Working data:
• • • •

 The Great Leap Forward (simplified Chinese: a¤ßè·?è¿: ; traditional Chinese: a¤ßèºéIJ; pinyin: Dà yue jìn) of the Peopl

• • • •

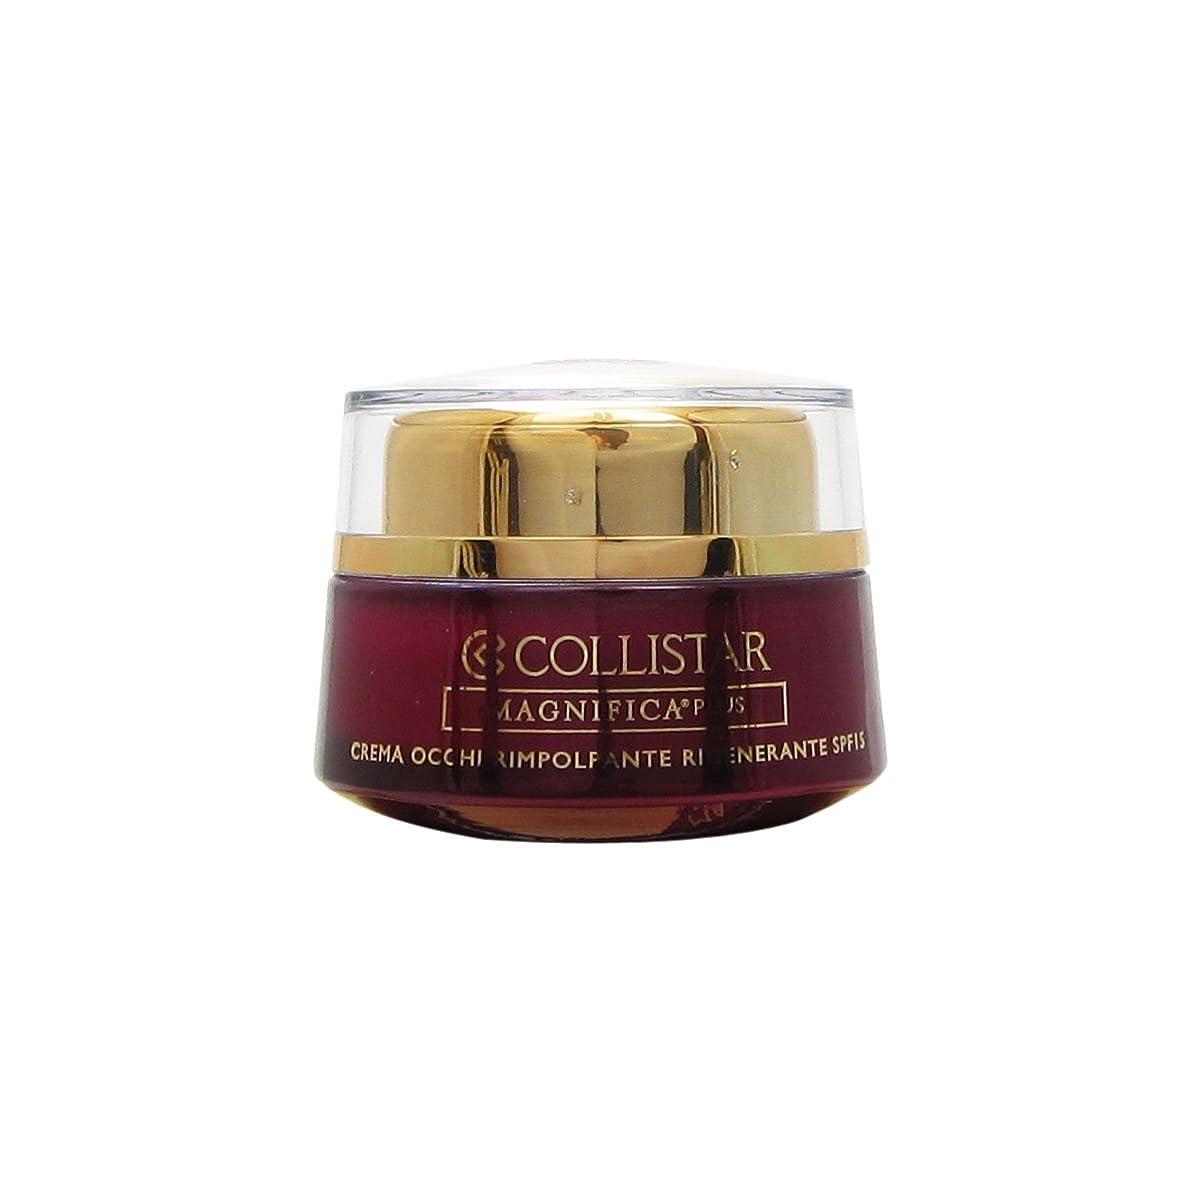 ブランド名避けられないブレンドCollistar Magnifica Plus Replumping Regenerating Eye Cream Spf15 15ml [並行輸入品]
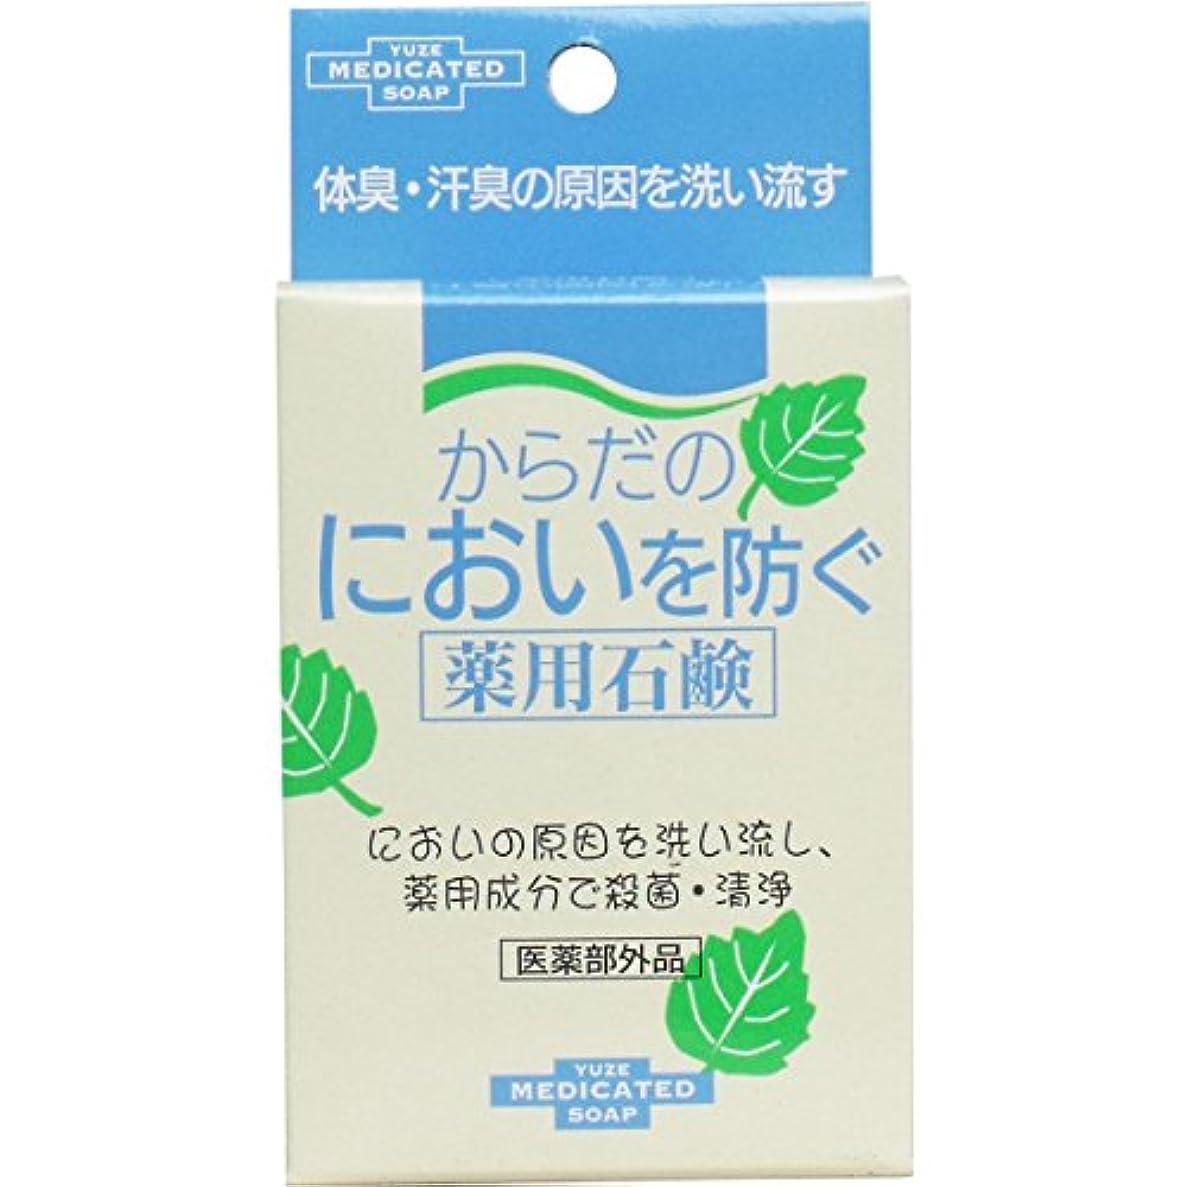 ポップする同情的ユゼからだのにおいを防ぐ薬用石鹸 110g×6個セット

• • • •

Required work: Working from the entries above, please transcribe only the lines from the line with "ブランド名避けられないブレンドCollistar Magnifica Plus" through the line with "ポップする同情的ユゼからだのにおいを防ぐ薬用石鹸 110g×6個セット", exactly, with both end lines and without pictures.

Reply to the task:
 ブランド名避けられないブレンドCollistar Magnifica Plus Replumping Regenerating Eye Cream Spf15 15ml [並行輸入品]
 ポップする同情的ユゼからだのにおいを防ぐ薬用石鹸 110g×6個セット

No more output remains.